Mind you, can you imagine LTO-6 (or -7, or -8) tape on an 18" reel, with a big upright tape drive like we used to have in the '70s? That'd be awesome!
real density to 100Gbit/in2
On tape? Amazing. Hard to imagine how it is done. That is equivalent to about 6 Gigabytes per inch of DLT tape.
It's all about the surface area.
Tape has much, much more surface area than disk, on a much cheaper (if somewhat flimsier) substrate. Thus, cost per bit stored is way lower, at least once you've got enough data to write off the purchase of the tape drive.
Fiddling the numbers.
I wish the vendors would stop giving 'compressed' capacity. The bulk of data going on tape now consists of already-compressed multimedia and already-compressed office documents. That 2:1 is hopelessly optimistic.
I remember when getting 120Mbyte on a 2400' reel of 6250bps tape was a lot...
Is there a more updated version of that paper? It's from 2010.
This is why you need a ZX Microdrive...
Have they improved tape's loading speed from the 8-bit days?
If the ZX Spectrum could look approximately 16 KB in a minute (*), that's around 960 KB an hour, 23 MB in a day, 713 MB in a month (around a CD-R's worth) and 8.395 GB per year (around a dual-layer DVD's worth).
Or put another way, a gigabyte would take 44.5 days to load, a terabyte a thousand times longer at 44,500 days (i.e. 122 years), a petabyte 122,000 years, an exabyte 122 million years (which is probably in the ballpark of the uncompressed maximum capacity of IBM's 2.7 exabyte robot library).
And I bet that 121,999,999 years, 364 days, 23 hours and 58 minutes into the loading time it would say "R Tape Loading Error, 0:1"
Cost and offline capability
I'd say there's two big things pushing for tape:
1) Cost. for most uses this is the big one, and mainly what is discussed in the article.

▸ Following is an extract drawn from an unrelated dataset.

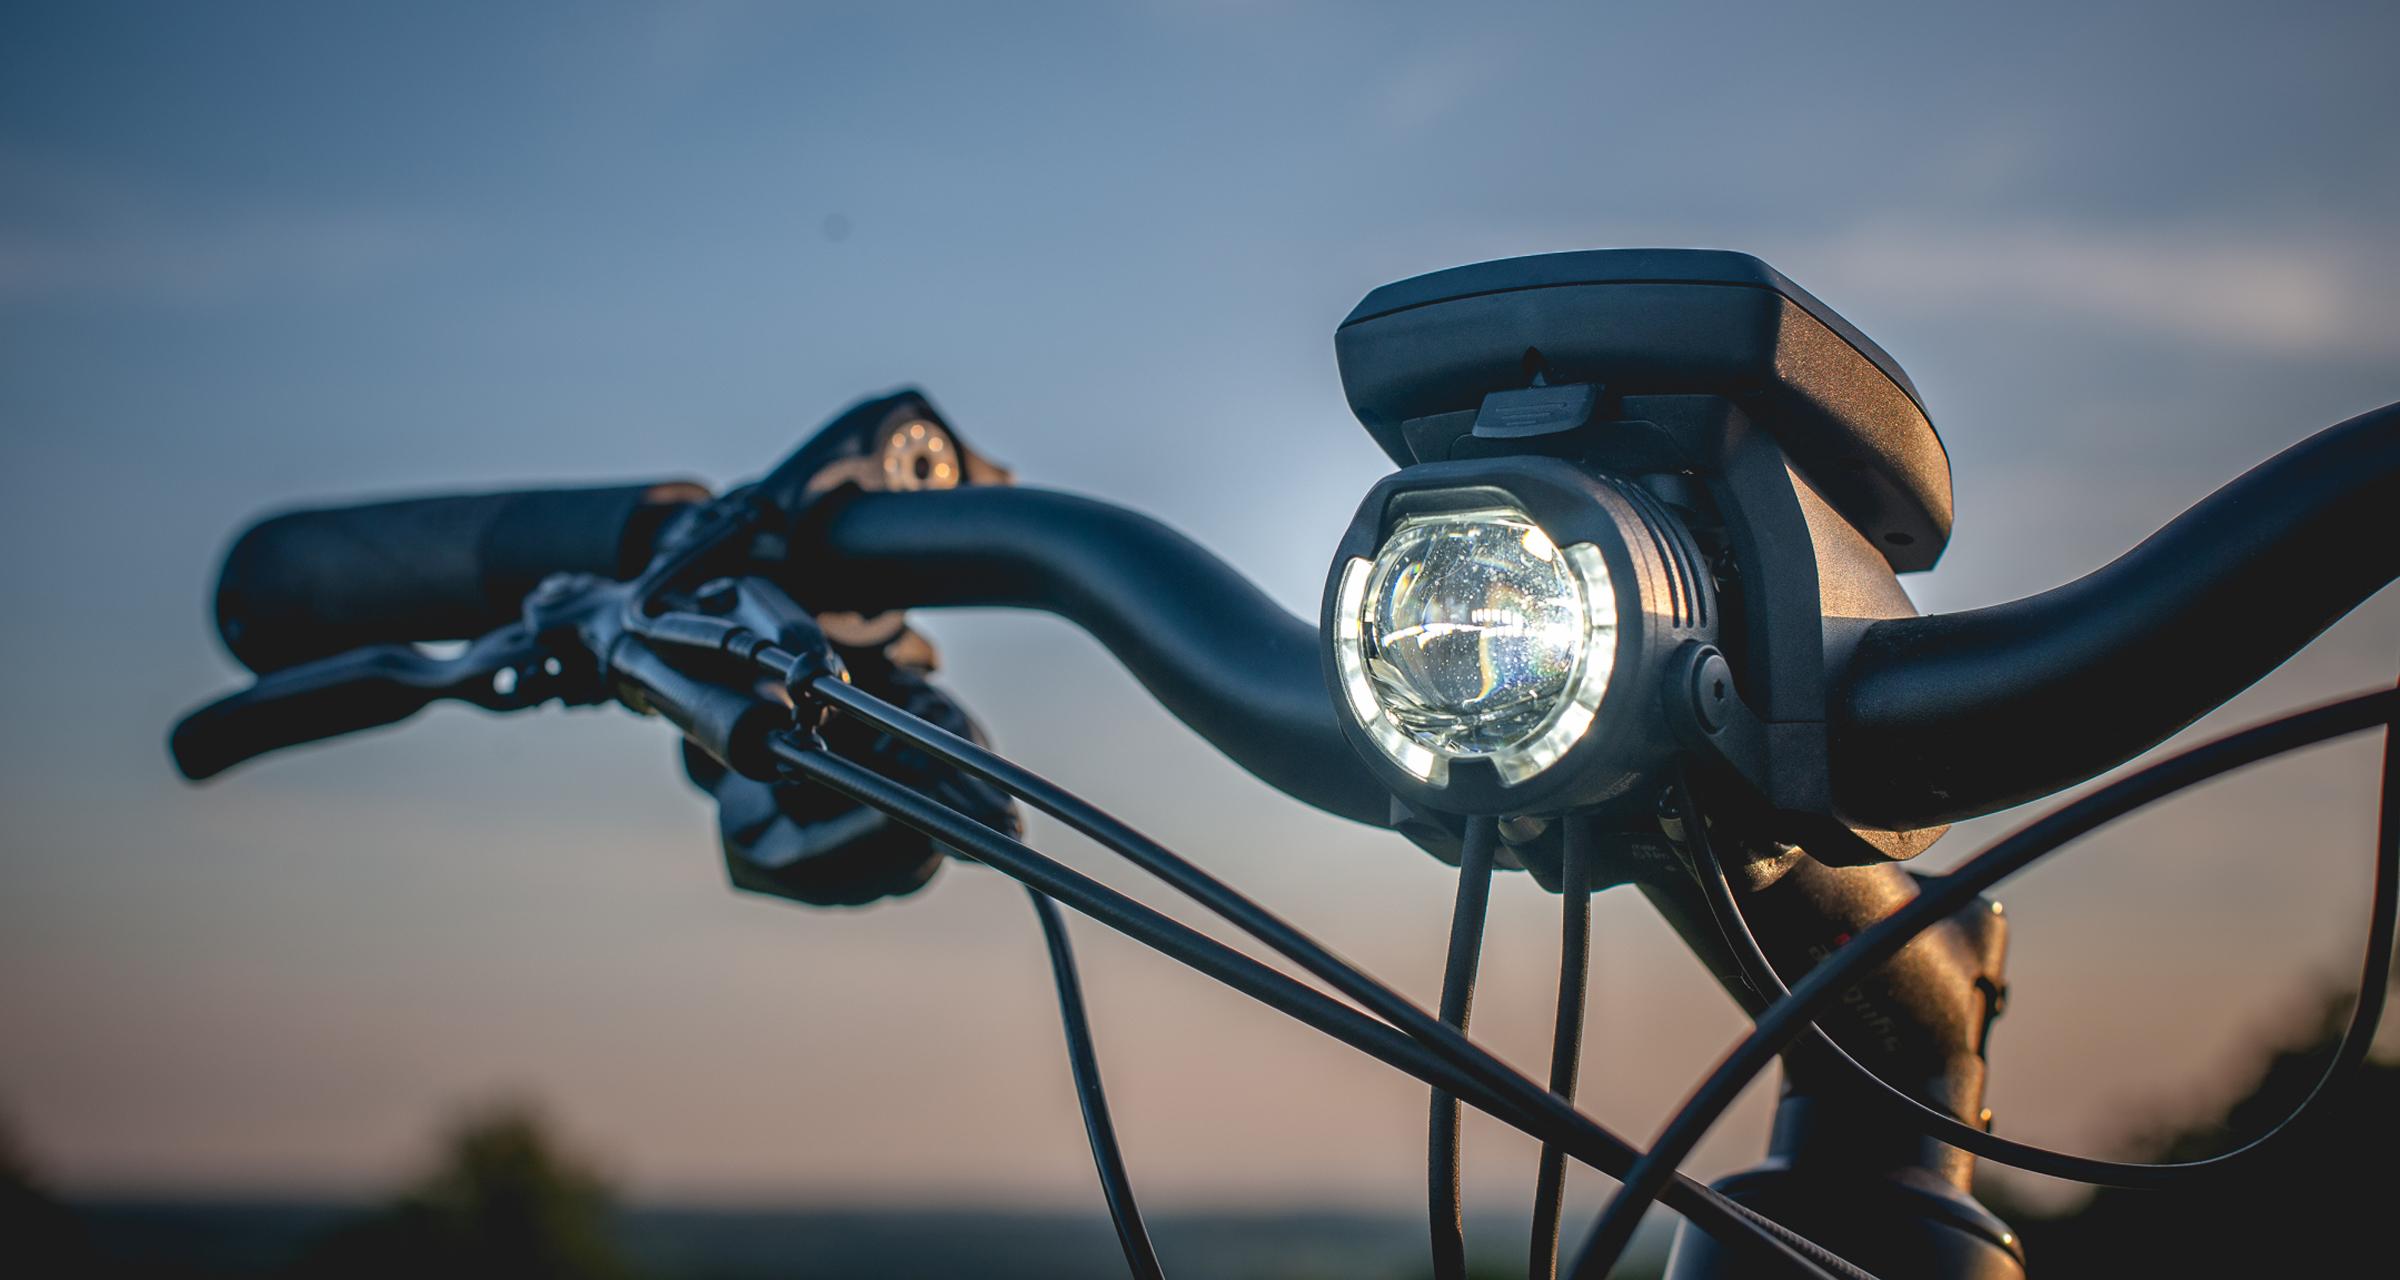 Fahrradlicht für Steps e8000 Pedelec Forum

2) Archival. A tape system, you can put some stuff on tape, pull the tapes and stick them in a drawer, and (barring tape failure) you will get the same information back. An online system? Most support replacing files with different versions, and removing files; in some cases a misplaced "rm -R *" could nuke your primary *and* secondary copy. These in other words are good for backups but not necessarily archival.
There's definitely use for both, but I don't see tape going away any time soon.
Woody Allen's Sleeper was right (You know which scene I mean)!
Tape is the landfill of archiving. There are legal requirements regarding storage. There's also the nuclear option during litigation when one can back up a few vans full of tapes and say to the plaintiff - here you go - it's in there somewhere.
Any information you'd care to share, Chris,
on what sort of storage techniques are being used out Camp Williams-way ?...
I have photos I want to keep safe.
I could back them up to my external hard drive - but there is a definite possibility this drive could fail and I lose my photos.
I could back them up to the cloud - but a few cloud providers have crashed and lost data.
I want backup storage that won't degrade over time, and can't be affected by random phenomina.
Tape, if kept relatively safe, seems to be more resilient than hard disks. I would be interested in a cheap tape storage system.
But to be honest, I'd prefer something hardier to keep my data "crown jewels" in. Perhaps something akin to scraping holes in records or somesuch.